_AVAILABLE DATA:_
#####

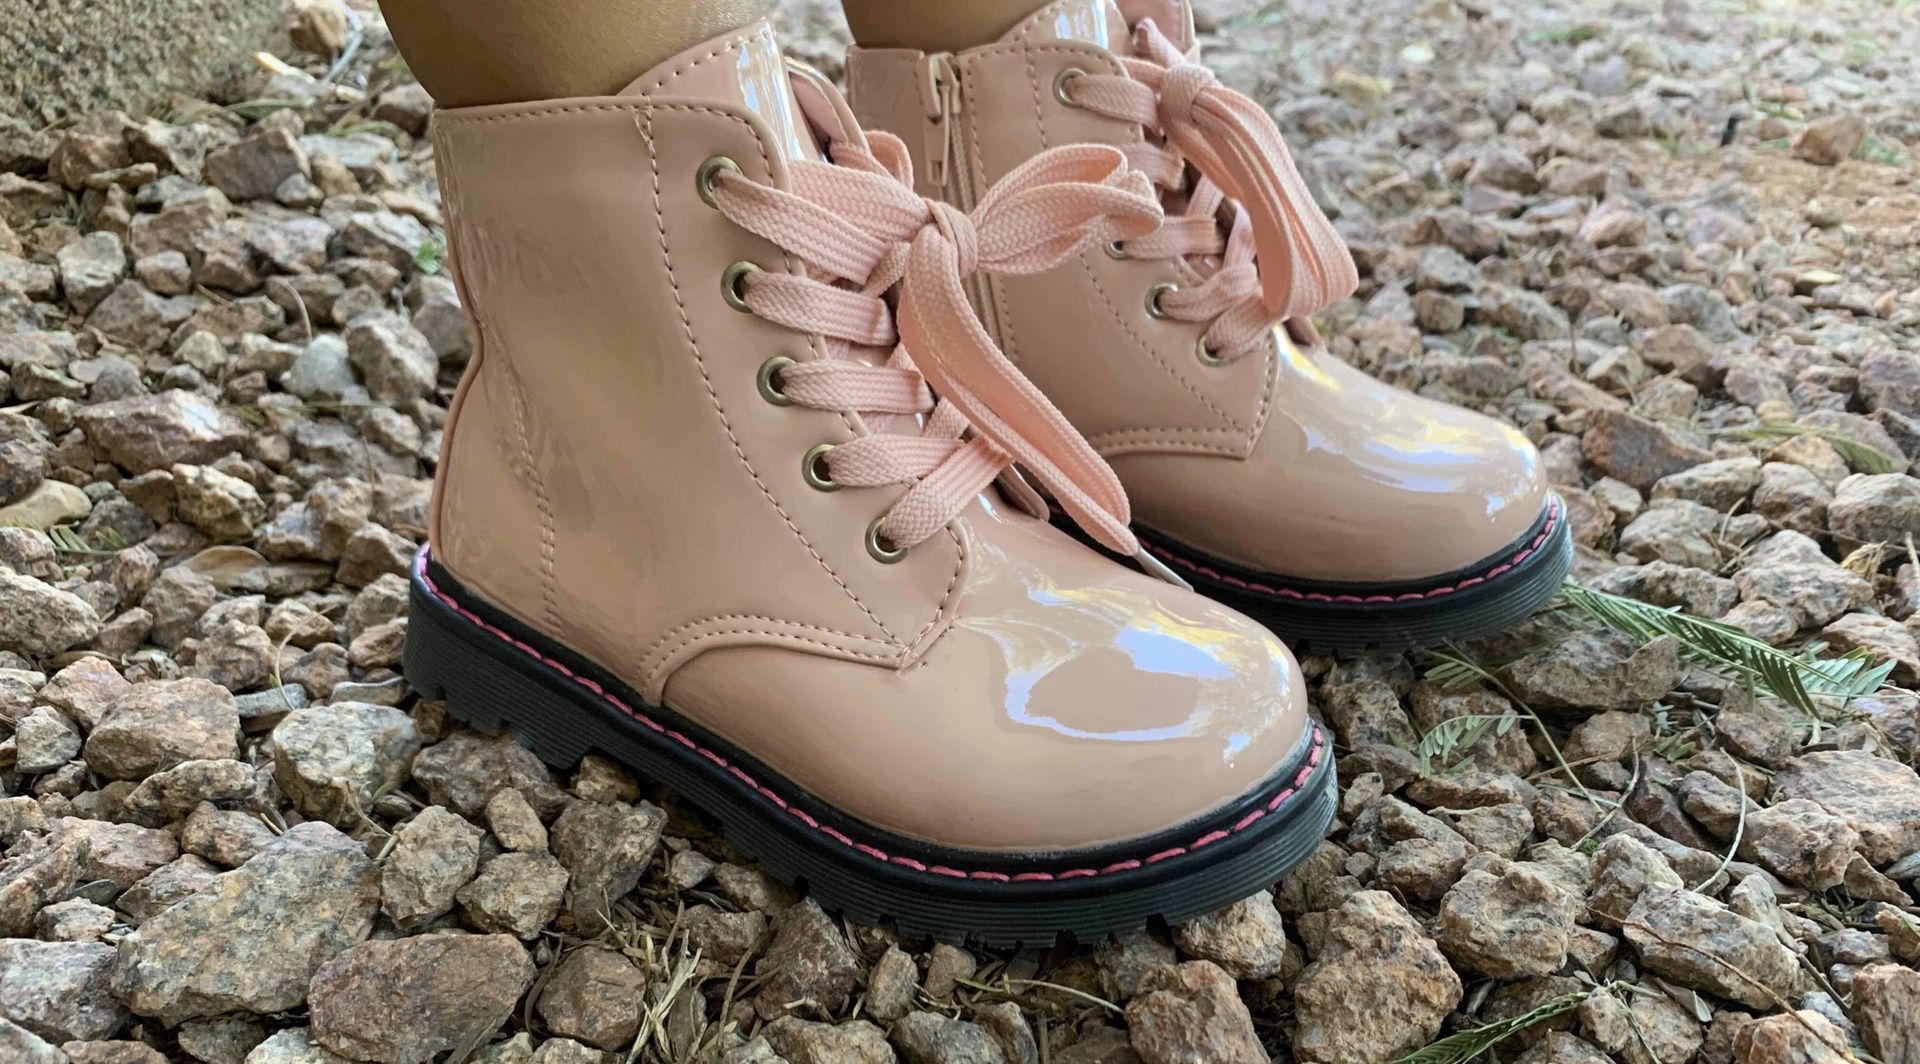 New pink girl boots
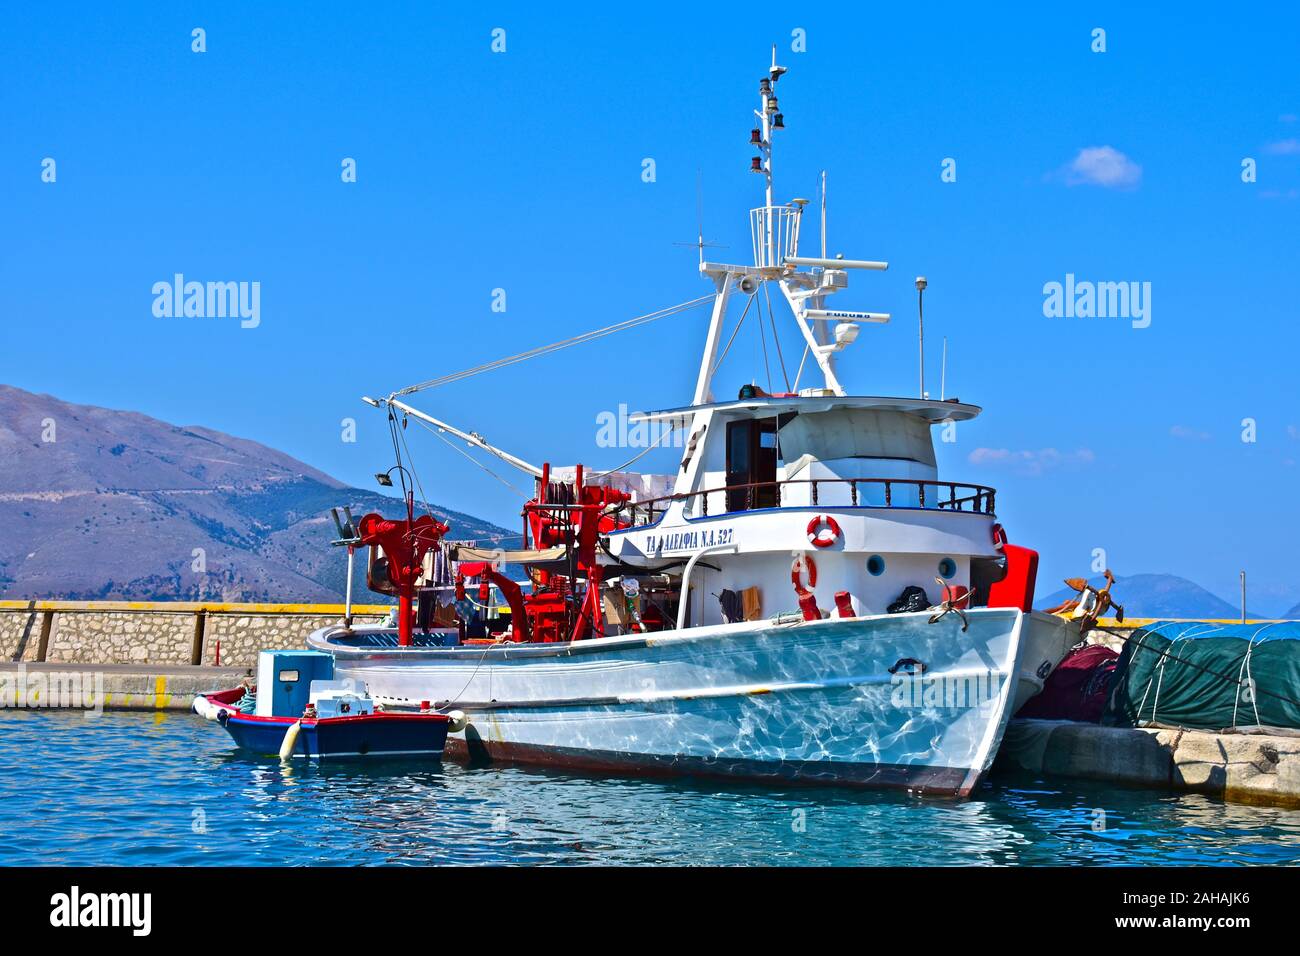 https://c8.alamy.com/comp/2AHAJK6/modern-greek-fishing-boat-moored-in-the-harbour-of-the-beautiful-coastal-town-of-sami-with-a-spectacular-backdrop-of-mountains-blue-sky-sea-2AHAJK6.jpg
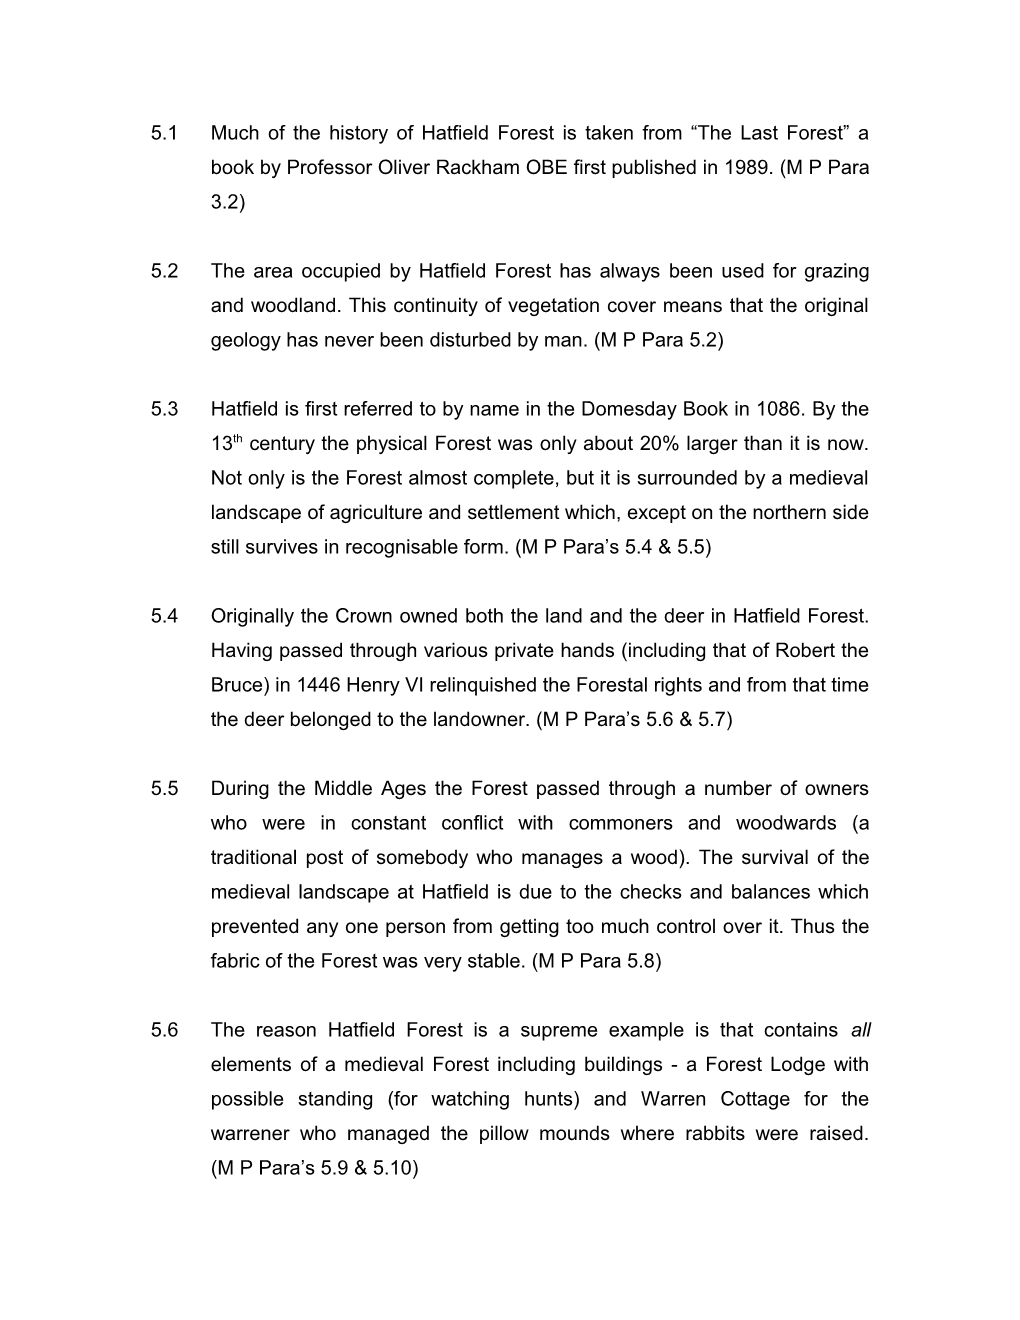 Summary of Proof of Evidence by the National Trust in Respect of Hatfield Forest
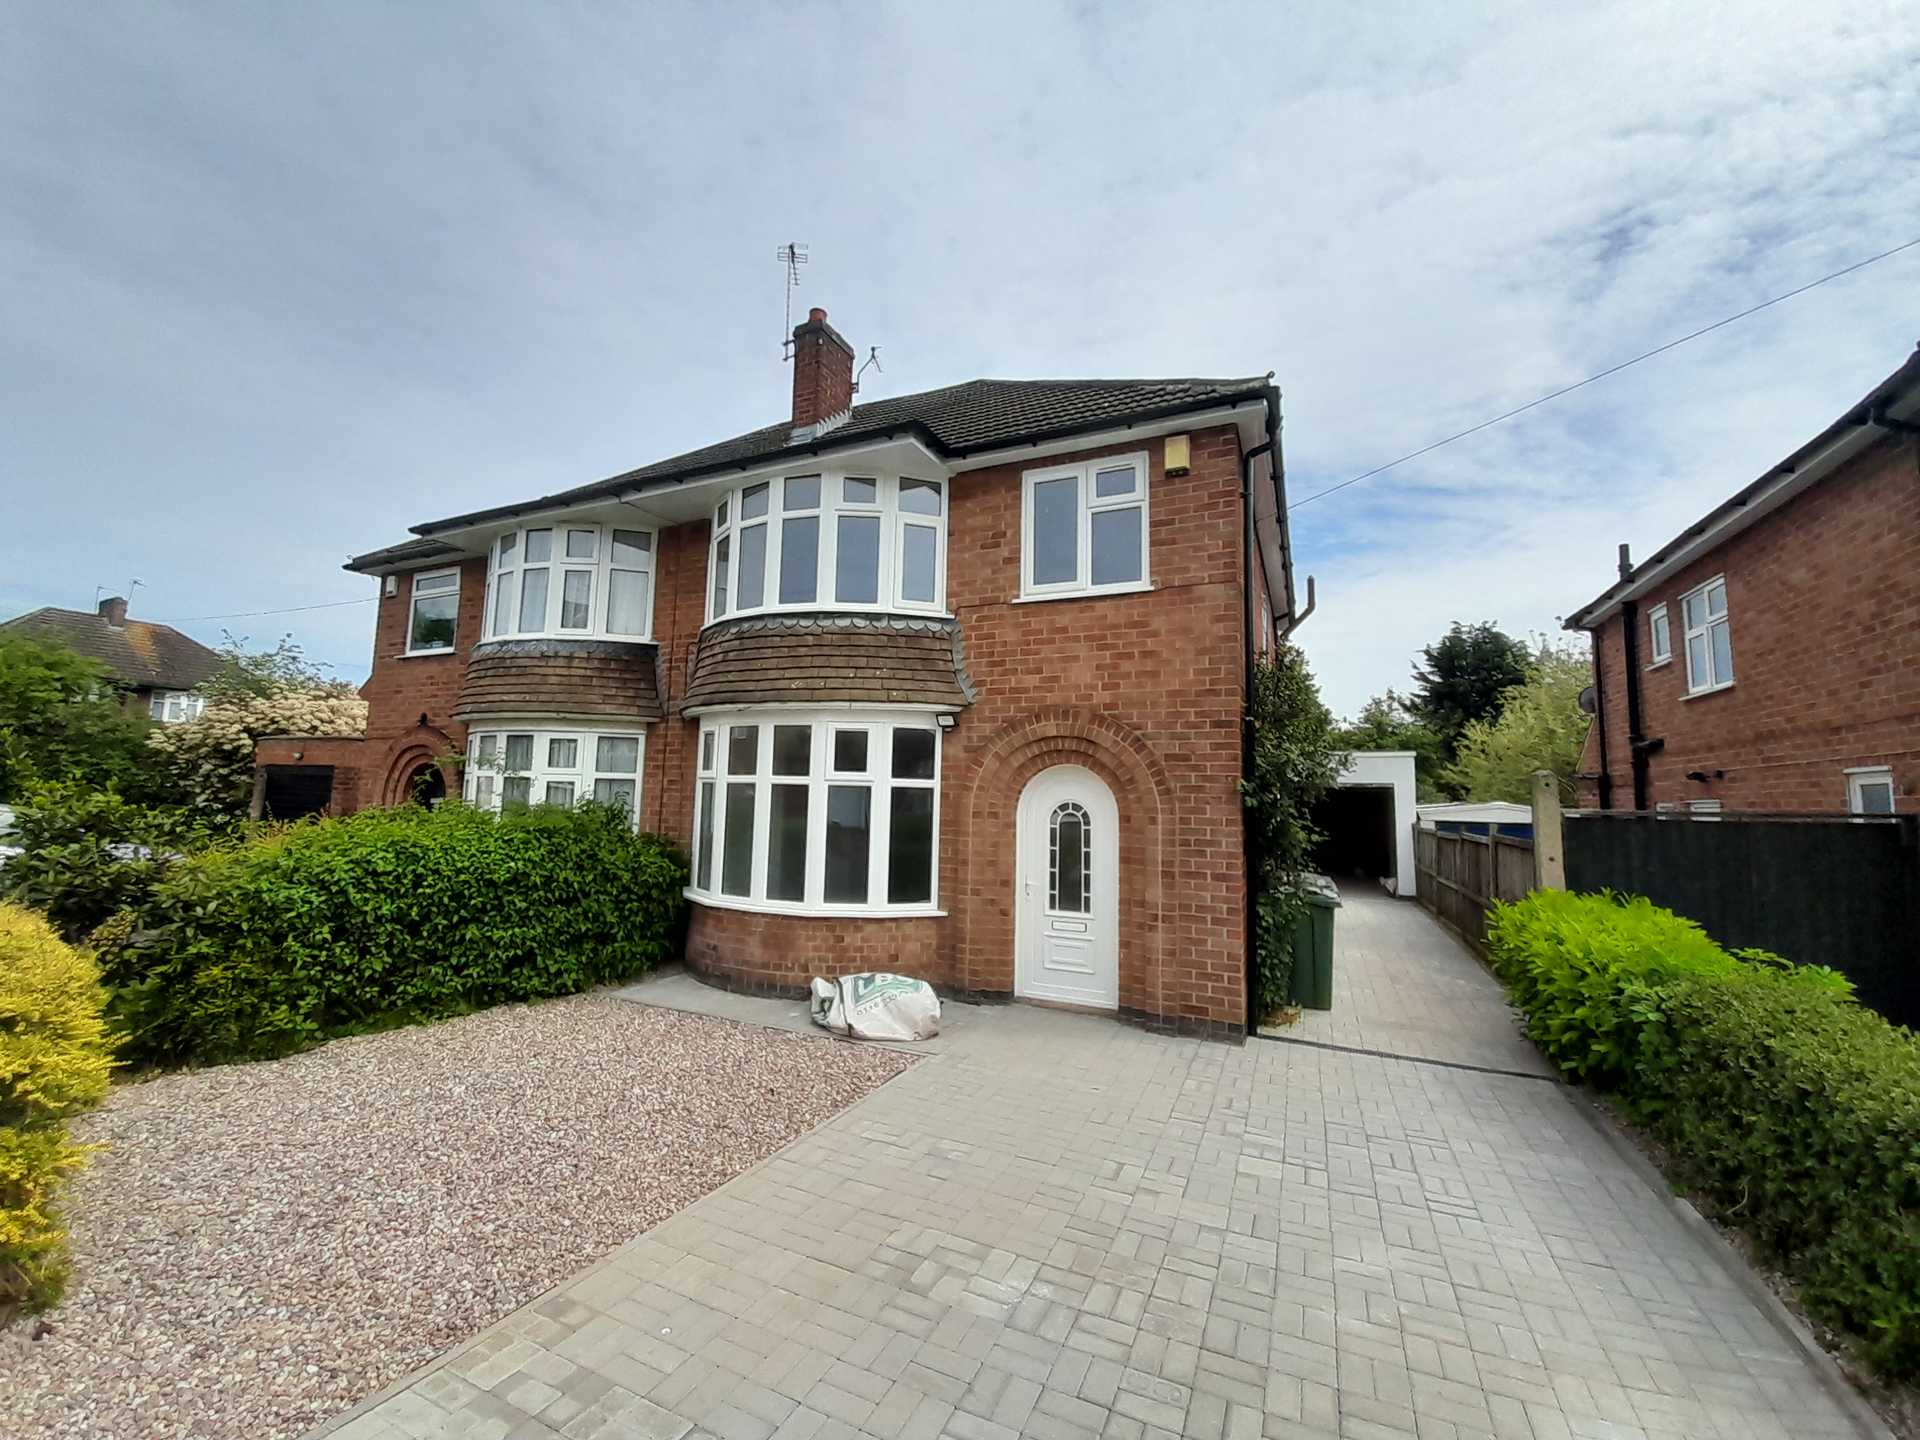 House in Birstall, Leicester 12266723

#####

Return an exact transcription of the material, with its pictures left out.

_OUTPUT OF THE EXERCISE:_
 New pink girl boots
 https://c8.alamy.com/comp/2AHAJK6/modern-greek-fishing-boat-moored-in-the-harbour-of-the-beautiful-coastal-town-of-sami-with-a-spectacular-backdrop-of-mountains-blue-sky-sea-2AHAJK6.jpg
 Summary of Proof of Evidence by the National Trust in Respect of Hatfield Forest
 House in Birstall, Leicester 12266723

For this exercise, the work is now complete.